Monday, May 4, 2009

Baby Watch '09

Baby update below but first some pics of Miss M. She is wearing a shirt she found in a box. It was mine when I was little and one of my favorite to put on my Cabbage Patch Kids. It really is too small for her but she demanded to wear it when she saw it had a kitty. She said "kitty" pointing to it over and over and trying to get it on her head so I finally gave in. Her belly kind of stretches that kitty out! After a couple hours I got it off her and put it on Dog. That worked for her and she carried him around checking out his shirt for a couple days. I have since stollen it back and put it in a box!
Her eye seems to be "fixed". We've been off the medicine since last Wednesday and she's only had 1 morning that it was crusty waking up. Otherwise, it is draining during the day so it looks like we won't have to go back. Thank goodness for answered prayers!
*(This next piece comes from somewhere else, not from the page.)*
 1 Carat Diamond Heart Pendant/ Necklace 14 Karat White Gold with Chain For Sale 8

Crazy to think that it wasn't long ago we had baby watch '08 going as we waited on Matney! I went to the dr again this AM and it isn't looking like we'll be waiting on Halle Kate too much longer. I'll spare the details because I know there are some males reading this blog but for the females - last week we were 1cm and she was still sitting really high. I am now 2cm dialated, 50% effaced and she's dropped...ie, I can breathe again and things are moving right along! In fact, my Dr wrote Jared a "prescription" to get all that he needs to do done because he guesses he will have kiddo #2 by the 15th. We know that there is no way to totally know when she'll decide to make her appearance but compared to Matney she seems much more eager to come out and join the family.
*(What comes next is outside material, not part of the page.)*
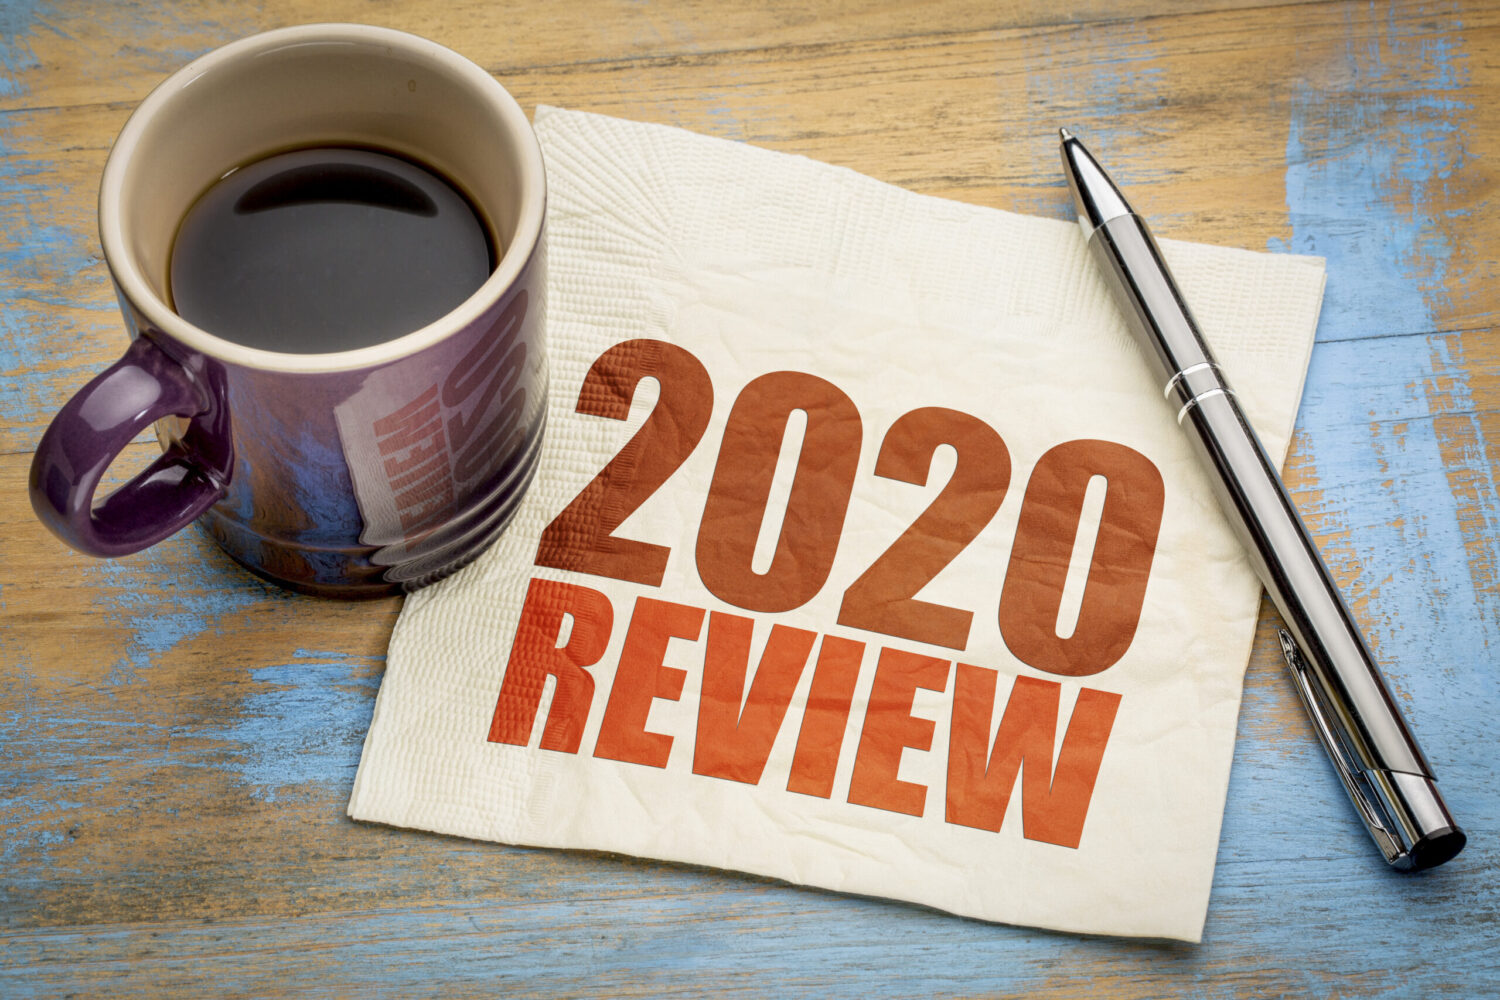 2020 year review text on a napkin with a cup of coffee, end of year business concept

Can I just say "AGH?!?!?!?!". I am really excited to meet her and for Miss M to have a sister. But, I am worried and feeling guilty about Matney. Many people have asked us if we're worried that we won't love a second child as much as we love M...and I have to say that that doesn't even cross my mind for a second. I know that we are almost more excited this time because we know how incredible having a child is, the love is already here. What bothers me is how this will change Matney's world. We spend HOURS on the floor reading books and crawling after one another each day. We walk in circles in the yard and spends tons of time brushing our hair, swinging, singing in the highchair...and a lot of that time, at least for a little while, is going to be greatly reduced. That I would miss one thing- one bath, one bottle, one good night kiss, one book, etc - with her makes me tear up. But, oh how we pray that these girls (and any future siblings) would grow up best friends. Ugh. I don't know. It must be hormones but it breaks my heart to imagine being without the alone time that she and I have had.

Anyway, we accomplished LOTS this weekend. I am working hard to finish up cleaning around here, getting things on the wall in Halle's room, run some last minute baby errands...and packing a bag for the hospital needs to fit in there somewhere, just thought about that! Pictures of Halle's room (and M's new "big girl room") to come soon. We'll keep the blog updated even if we're in the hospital so check back to see what's happening! While Matney is asleep I'm off to paint a few picture frames so that I can get them up tomorrow.

3 comments:

Lindy said...

Stacey, I'm praying for you guys. Matney and Halle Kate have a great mom who is and will be a great example to them!

Carolyn Roberts said...

Stacey- I had the same guilt feelings before Ansley was born. I thought I was about to rock Grace's world and it just wasn't fair to her! Rest assured -- it has never been anything but GREAT for ALL of us :) Hope all goes well in the next few days!

Spice said...

You are a wonderful Mom Stacey!! So excited to meet Halle (love the name) and sending you positive happy prayers for a fantastic labor.